Kulko v. California Superior Court, 436 U.S. 84, 94 at n. 7, 98 S.Ct. 1690, 1698 at n. 7.

If a child’s presence in a state school does not invoke the benefits of that state’s laws as regards a nonresident father, then, even more it would seem, a child’s presence in a private school would not invoke those benefits. In addition, there is no evidence in this case that the children’s private schooling in Mobile is a benefit that William “purposefully sought for himself.” Id.

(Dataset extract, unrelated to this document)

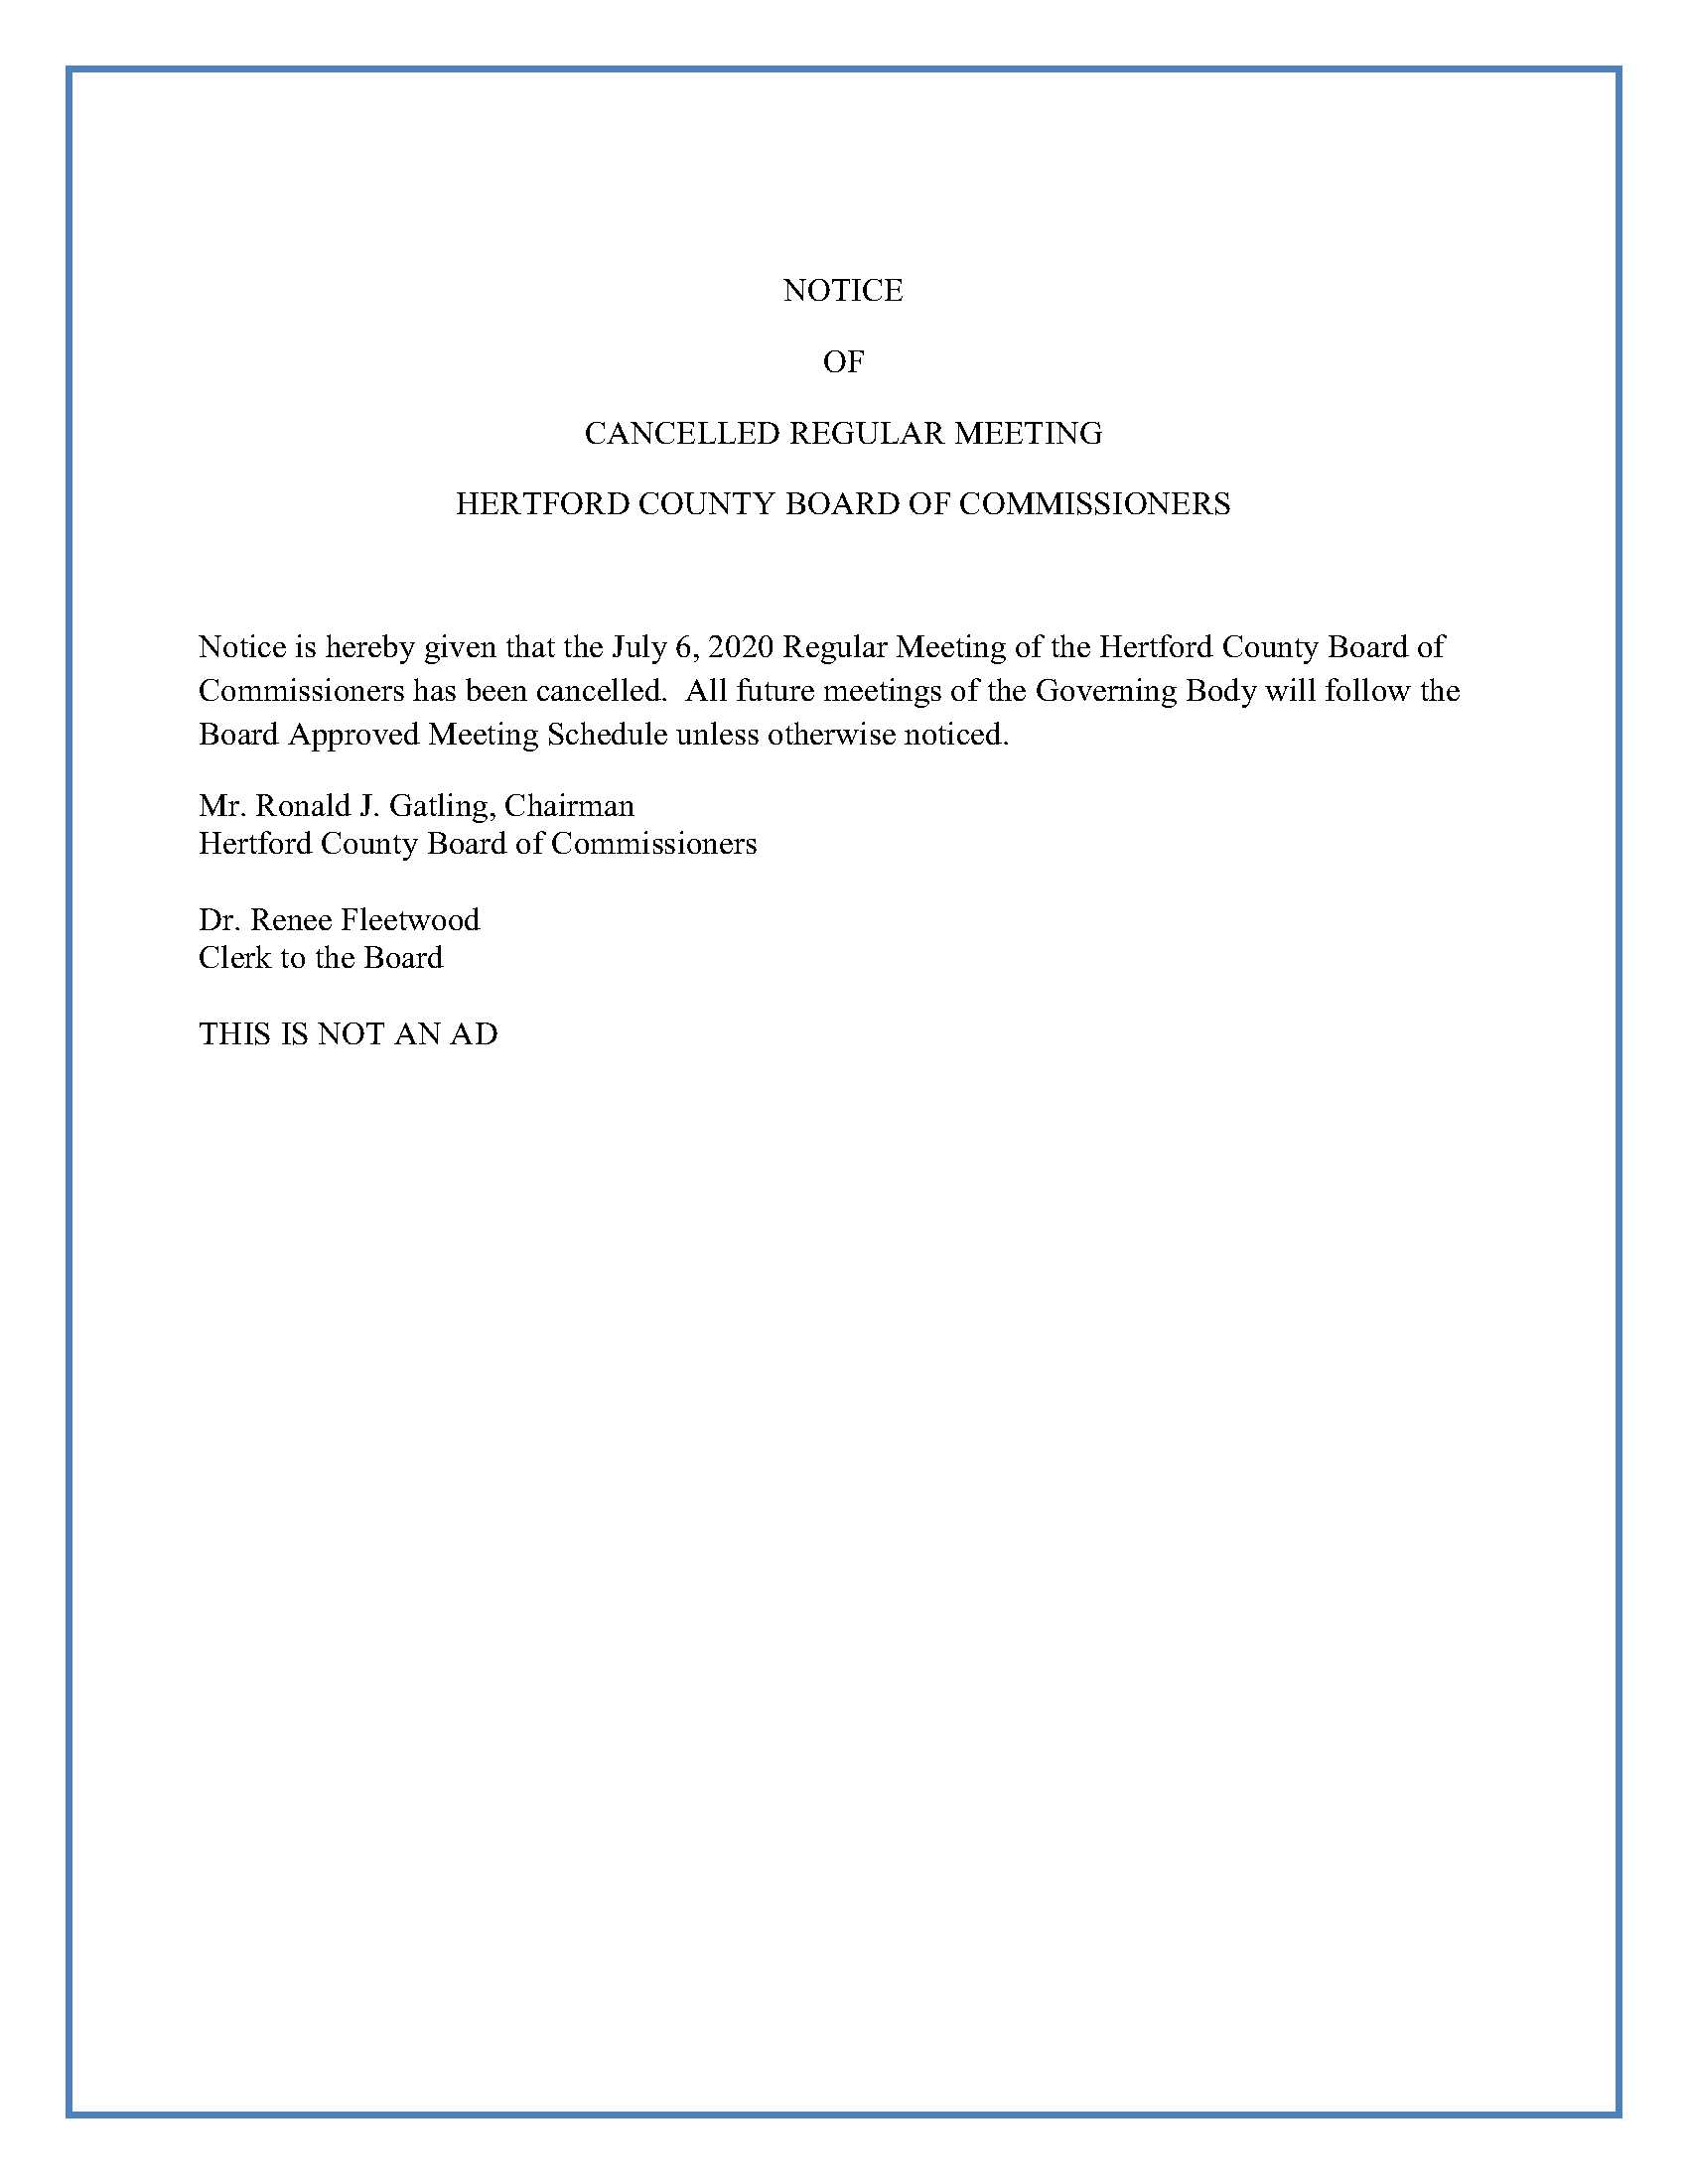 NOTICE of Cancelled Meeting_07062020

Alabama’s strong interest in protecting the welfare of its resident children, standing alone, cannot support a finding of jurisdiction in this matter, either. We note, however, that Alabama’s interest in insuring the support of its resident children is being served under our enactment of the Uniform Reciprocal Enforcement of Support Act, Ala.Code 1975, § 30-4-80 et seq. This statute is designed to prevent the very type of jurisdictional dispute present in this case:

“[T]he Uniform Reciprocal Enforcement of Support Act ... [has] as [its] object the avoidance of jurisdictional competition and conflict with courts of other states....”

Trillo v. Trillo, 506 So.2d 1019, 1020 (Ala. Civ.App.1987).

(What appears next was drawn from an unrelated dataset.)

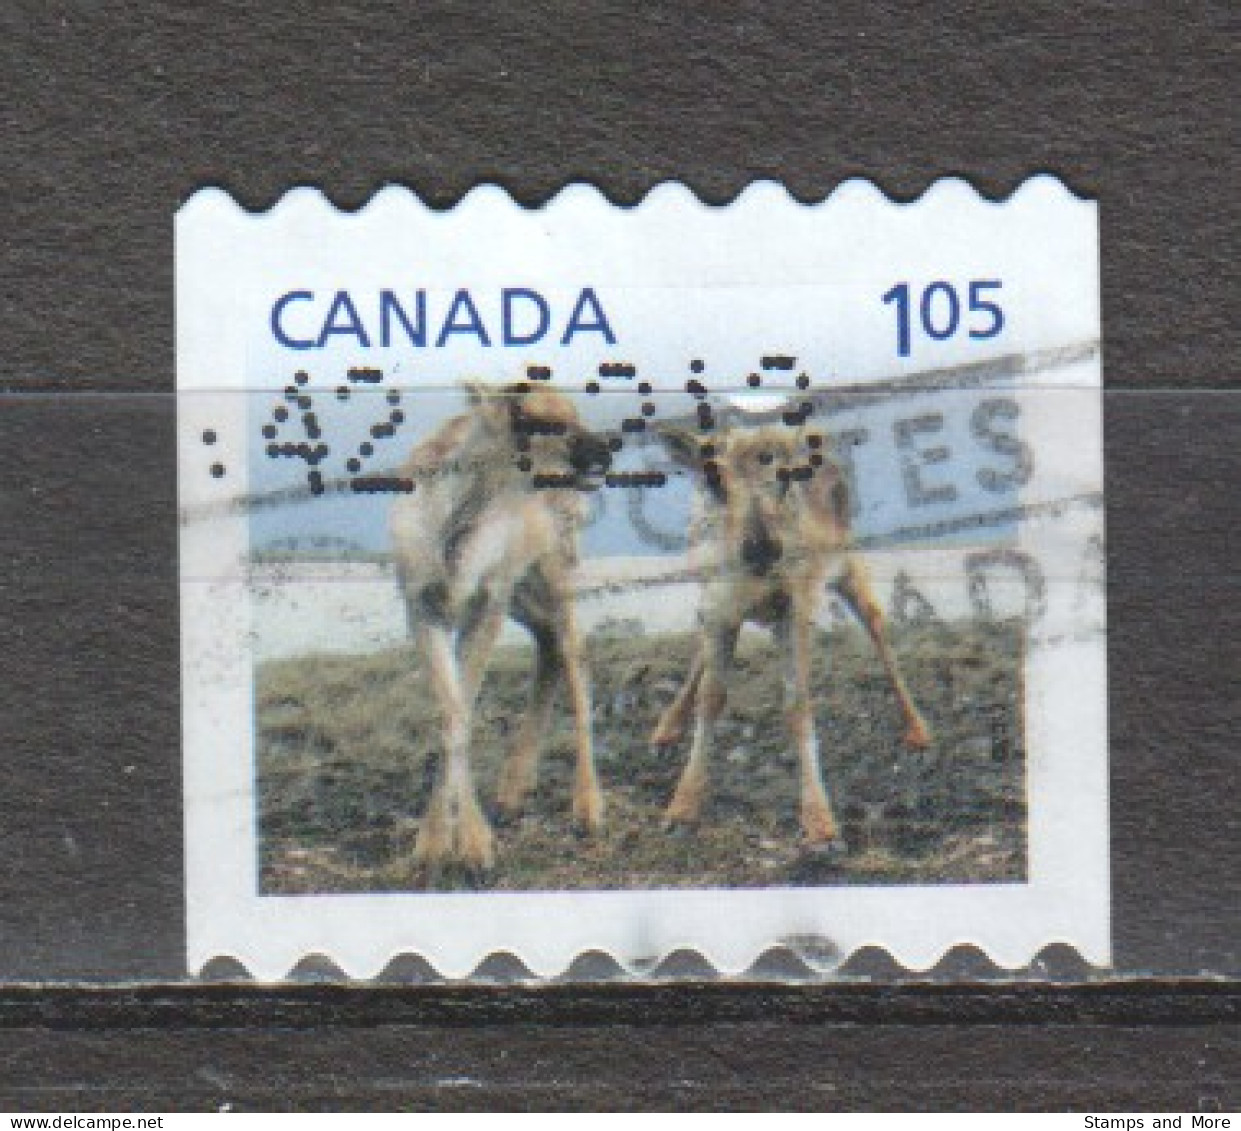 Canada 2012 Mi 2792 Canceled (1) - Used Stamps

“This act was designed to improve and extend the enforcement of duties of support and to make the support laws of adopting states uniform. [Citation omitted.] Basically, the civil proceedings authorized by the act are designed to provide a simplified, fair and convenient way to compel those who have a duty of support to fulfill their obligation without having to be extradited to another state.”

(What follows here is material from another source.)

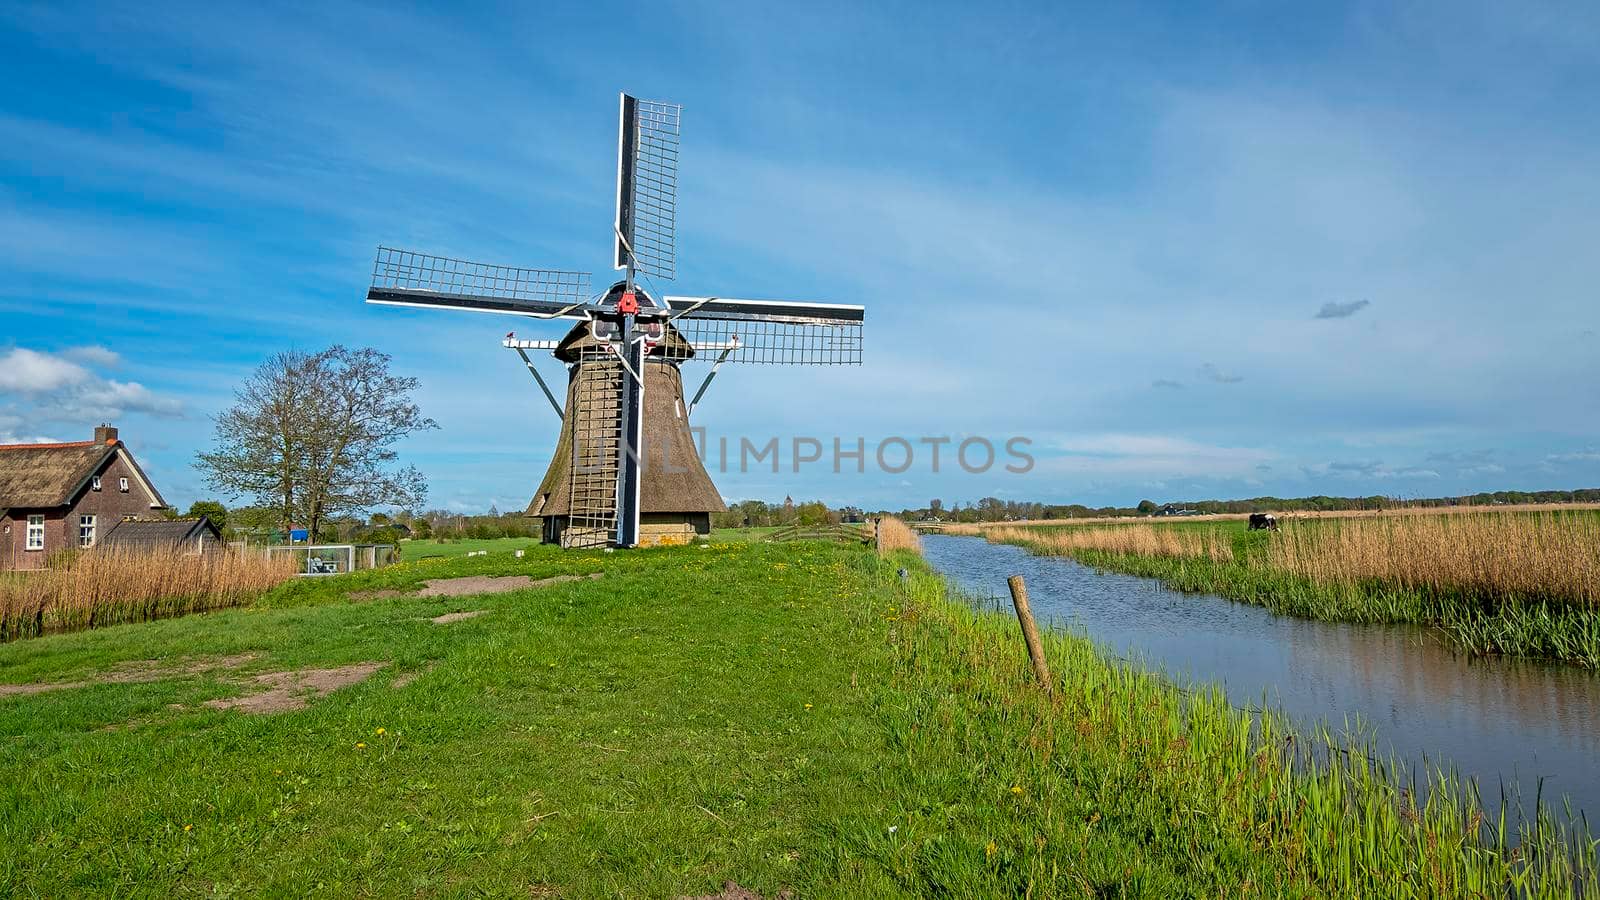 Oudkerker windmill in the countryside from the Netherlands

Ex parte O’Neill, 420 So.2d 264, 265 (Ala.1982).

All jurisdictions in the United States have adopted the Uniform Reciprocal Enforcement of Support Act (URESA) or legislation similar thereto. 31 A.L.R.4th 347, 351 (1984). Under URESA, Judith can obtain a judgment for William’s arrearages for school expenses. In addition, most courts assume that they have the power to issue prospectively a child support order different in amount from the one entered in the original divorce decree. 31 A.L.R.4th 347, 352 (1984). Thus, the majority of courts would be willing to order William to pay additional money in child support if additional need was shown to exist.

Even if the URESA procedure were not available to Judith, this Court cannot exercise in personam jurisdiction where it simply does not exist — no matter how appealing the exercise of that jurisdiction may be in any particular case. My dissent should not be understood as condoning William’s actions in failing to meet his obligation to support his children. I merely hold that we have not the power to order him to meet them.

Because of the foregoing, I must respectfully dissent.

TORBERT, C.J., concurs.






Lead Opinion

PER CURIAM.

WRIT QUASHED AS IMPROVIDENTLY GRANTED.

JONES, ALMON, SHORES, BEATTY and ADAMS, JJ., concur. TORBERT, C.J., and MADDOX, HOUSTON and STEAGALL, JJ., dissent, with opinion by MADDOX, J.